[Extracted entries Boundary: Start]

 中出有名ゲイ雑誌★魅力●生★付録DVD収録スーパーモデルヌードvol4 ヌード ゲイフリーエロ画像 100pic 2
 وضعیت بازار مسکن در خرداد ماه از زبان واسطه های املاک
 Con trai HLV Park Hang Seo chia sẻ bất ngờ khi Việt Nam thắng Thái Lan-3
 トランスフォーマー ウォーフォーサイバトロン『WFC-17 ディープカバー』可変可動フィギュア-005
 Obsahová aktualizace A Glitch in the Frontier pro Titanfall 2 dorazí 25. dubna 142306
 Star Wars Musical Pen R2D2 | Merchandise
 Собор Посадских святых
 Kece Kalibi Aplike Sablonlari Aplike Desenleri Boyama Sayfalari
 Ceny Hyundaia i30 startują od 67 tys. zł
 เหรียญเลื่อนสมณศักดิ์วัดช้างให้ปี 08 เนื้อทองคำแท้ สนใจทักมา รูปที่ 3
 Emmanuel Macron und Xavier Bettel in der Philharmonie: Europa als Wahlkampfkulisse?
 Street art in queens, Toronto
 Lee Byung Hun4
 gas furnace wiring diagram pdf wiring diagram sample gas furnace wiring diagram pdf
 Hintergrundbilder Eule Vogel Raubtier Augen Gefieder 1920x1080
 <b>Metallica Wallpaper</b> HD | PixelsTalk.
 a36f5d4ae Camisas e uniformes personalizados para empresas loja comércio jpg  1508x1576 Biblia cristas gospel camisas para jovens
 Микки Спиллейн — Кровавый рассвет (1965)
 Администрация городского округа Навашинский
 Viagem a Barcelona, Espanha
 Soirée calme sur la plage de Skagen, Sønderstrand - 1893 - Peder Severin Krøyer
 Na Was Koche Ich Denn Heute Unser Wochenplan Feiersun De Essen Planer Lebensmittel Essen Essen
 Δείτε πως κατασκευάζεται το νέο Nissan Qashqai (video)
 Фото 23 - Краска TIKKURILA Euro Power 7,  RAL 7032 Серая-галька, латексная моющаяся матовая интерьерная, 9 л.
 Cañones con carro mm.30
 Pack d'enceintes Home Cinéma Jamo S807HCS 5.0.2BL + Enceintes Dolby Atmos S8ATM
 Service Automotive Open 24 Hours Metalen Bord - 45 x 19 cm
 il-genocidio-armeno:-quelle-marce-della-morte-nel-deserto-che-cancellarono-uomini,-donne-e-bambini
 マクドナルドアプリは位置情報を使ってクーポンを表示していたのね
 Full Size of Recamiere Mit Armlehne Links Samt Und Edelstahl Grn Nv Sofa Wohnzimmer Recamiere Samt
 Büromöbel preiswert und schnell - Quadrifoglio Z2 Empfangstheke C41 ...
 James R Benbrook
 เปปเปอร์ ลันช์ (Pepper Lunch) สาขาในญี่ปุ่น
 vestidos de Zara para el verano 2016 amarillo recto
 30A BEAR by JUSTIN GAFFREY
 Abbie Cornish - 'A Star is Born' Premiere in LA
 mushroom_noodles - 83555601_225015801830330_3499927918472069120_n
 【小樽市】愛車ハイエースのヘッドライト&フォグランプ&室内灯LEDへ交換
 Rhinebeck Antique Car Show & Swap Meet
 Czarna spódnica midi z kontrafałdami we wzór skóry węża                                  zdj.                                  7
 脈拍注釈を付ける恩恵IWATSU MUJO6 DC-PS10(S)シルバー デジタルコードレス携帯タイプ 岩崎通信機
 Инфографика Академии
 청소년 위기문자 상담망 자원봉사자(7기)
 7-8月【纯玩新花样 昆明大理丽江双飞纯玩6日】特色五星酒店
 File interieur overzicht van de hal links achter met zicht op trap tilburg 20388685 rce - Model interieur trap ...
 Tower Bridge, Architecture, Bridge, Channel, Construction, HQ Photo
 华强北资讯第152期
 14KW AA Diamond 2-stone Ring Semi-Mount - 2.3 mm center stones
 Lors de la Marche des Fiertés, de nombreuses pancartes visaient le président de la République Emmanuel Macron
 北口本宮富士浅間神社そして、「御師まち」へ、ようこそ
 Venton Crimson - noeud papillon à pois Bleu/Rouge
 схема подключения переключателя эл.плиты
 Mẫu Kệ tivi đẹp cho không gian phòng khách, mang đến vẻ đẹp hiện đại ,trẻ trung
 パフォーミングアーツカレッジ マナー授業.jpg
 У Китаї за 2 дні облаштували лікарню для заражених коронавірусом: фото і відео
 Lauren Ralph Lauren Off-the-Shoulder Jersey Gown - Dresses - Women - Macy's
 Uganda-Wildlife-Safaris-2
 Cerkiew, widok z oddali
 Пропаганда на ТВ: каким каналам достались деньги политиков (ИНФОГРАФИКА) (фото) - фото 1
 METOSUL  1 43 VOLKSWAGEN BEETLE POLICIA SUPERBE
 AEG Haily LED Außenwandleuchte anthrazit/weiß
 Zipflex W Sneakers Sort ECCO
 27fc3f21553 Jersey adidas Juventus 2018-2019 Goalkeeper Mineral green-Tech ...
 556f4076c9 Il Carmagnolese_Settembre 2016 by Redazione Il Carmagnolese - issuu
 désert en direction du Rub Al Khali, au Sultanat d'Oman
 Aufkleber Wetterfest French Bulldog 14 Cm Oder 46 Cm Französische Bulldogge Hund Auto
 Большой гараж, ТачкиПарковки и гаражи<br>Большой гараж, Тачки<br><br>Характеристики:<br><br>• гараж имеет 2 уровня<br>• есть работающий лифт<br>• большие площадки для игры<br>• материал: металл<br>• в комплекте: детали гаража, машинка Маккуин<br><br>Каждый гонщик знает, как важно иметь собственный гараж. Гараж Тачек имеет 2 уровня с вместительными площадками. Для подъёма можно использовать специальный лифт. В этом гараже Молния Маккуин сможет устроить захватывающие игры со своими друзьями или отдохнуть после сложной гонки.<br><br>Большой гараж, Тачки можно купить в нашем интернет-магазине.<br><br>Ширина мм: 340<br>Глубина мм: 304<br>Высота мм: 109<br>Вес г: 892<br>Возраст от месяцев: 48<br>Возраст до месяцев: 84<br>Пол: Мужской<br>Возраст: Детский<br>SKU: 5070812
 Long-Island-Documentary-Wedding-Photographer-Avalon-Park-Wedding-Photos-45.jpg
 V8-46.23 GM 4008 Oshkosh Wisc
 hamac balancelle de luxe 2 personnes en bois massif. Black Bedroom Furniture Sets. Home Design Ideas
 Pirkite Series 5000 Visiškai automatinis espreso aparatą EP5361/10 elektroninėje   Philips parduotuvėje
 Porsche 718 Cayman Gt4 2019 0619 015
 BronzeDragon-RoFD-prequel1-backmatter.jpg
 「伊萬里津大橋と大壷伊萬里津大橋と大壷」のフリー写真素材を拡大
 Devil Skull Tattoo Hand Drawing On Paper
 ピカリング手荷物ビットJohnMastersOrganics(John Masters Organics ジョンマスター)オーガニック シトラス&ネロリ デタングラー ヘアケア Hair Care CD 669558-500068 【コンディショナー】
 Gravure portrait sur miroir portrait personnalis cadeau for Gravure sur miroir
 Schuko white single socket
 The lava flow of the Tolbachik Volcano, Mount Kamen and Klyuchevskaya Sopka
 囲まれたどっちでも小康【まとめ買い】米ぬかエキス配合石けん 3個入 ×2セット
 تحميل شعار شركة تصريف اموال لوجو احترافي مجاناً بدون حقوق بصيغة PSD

[Extracted entries Boundary: End]

▶ [Exercise instructions] Nothing but the lines with "Emmanuel" should be returned, copied from the entries above.

▶ [Task solution]
 Emmanuel Macron und Xavier Bettel in der Philharmonie: Europa als Wahlkampfkulisse?
 Lors de la Marche des Fiertés, de nombreuses pancartes visaient le président de la République Emmanuel Macron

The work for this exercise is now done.